There’s a fantastically sinister series of self-portraits at the start of Tate Britain’s “riveting” new Walter Sickert exhibition, said Laura Cumming in The Observer. Sickert (1860-1942) paints himself glowering in the shadows, “one eye homing in on you like a target”; hovering menacingly behind a bust of a bare-knuckle boxer; apparently barring the way between a nude model and the exit. This was how Sickert wished to be seen: as “a disrupter, an actor, a menace, a taunt”. His art is theatrical, “ostentatious, even sensational”.

At the same time, influenced by Degas and Bonnard, he was determined to record contemporary urban life – a subject he considered as worthy as any biblical episode or mythological set piece. His work conjures up a “dank land of rented rooms, sickly streets and gaslit pubs”. This “superbly curated” exhibition – the first major retrospective of his work in London for three decades – allows us to see the whole of his career. It takes in everything from his architectural paintings of northern French towns to his nudes – infamous in their day – to his extraordinary paintings based on photos from the 1930s. There’s a “haunting” portrait, for instance, of Edward VIII just before his abdication.

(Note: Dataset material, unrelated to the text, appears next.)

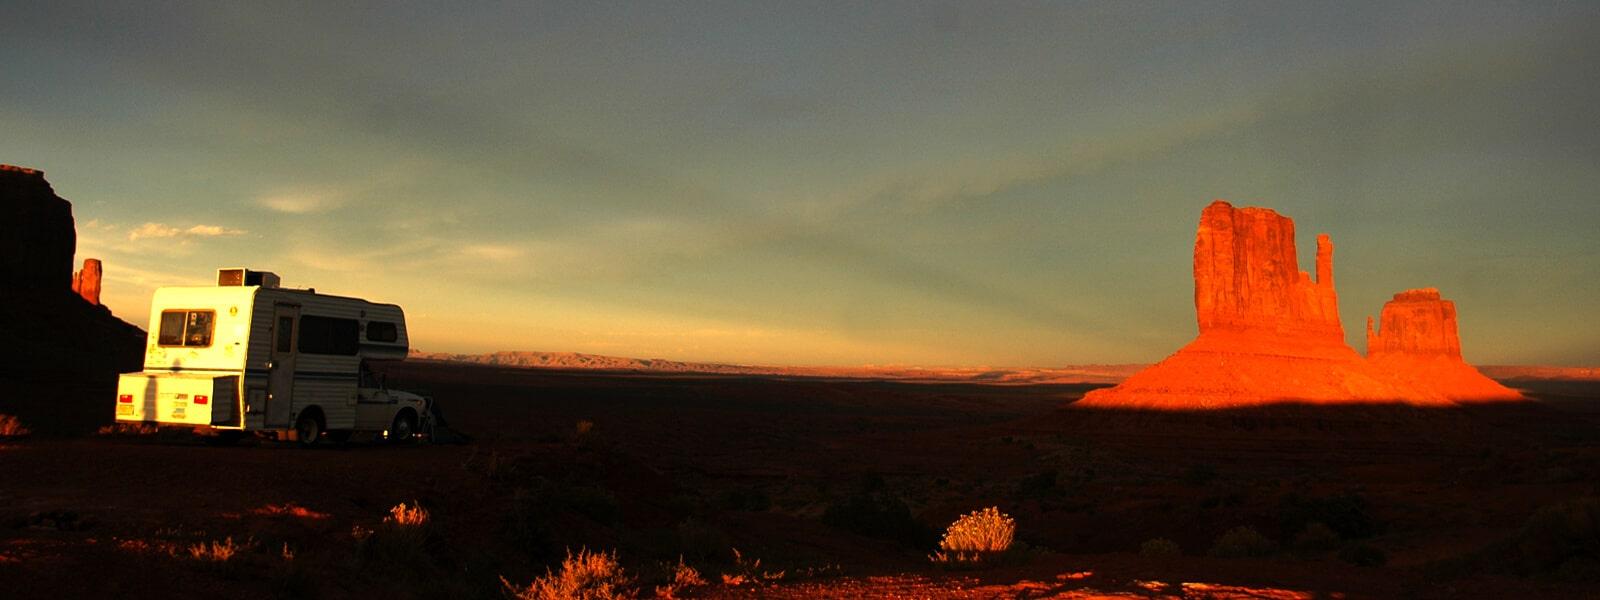 Monumeny Valley - AZ

Sickert was “the duke of darkness”, said Alastair Smart in The Daily Telegraph. In his hands, the most wholesome of scenes were rendered shadowy; even his paintings of architectural landmarks, such as a view of the Église Saint-Jacques in Dieppe, seem to have been painted at sundown. And his “devastating” Camden Town Murder series was inspired by the real-life murder of a prostitute in the “then-insalubrious” London district, to which he had just moved.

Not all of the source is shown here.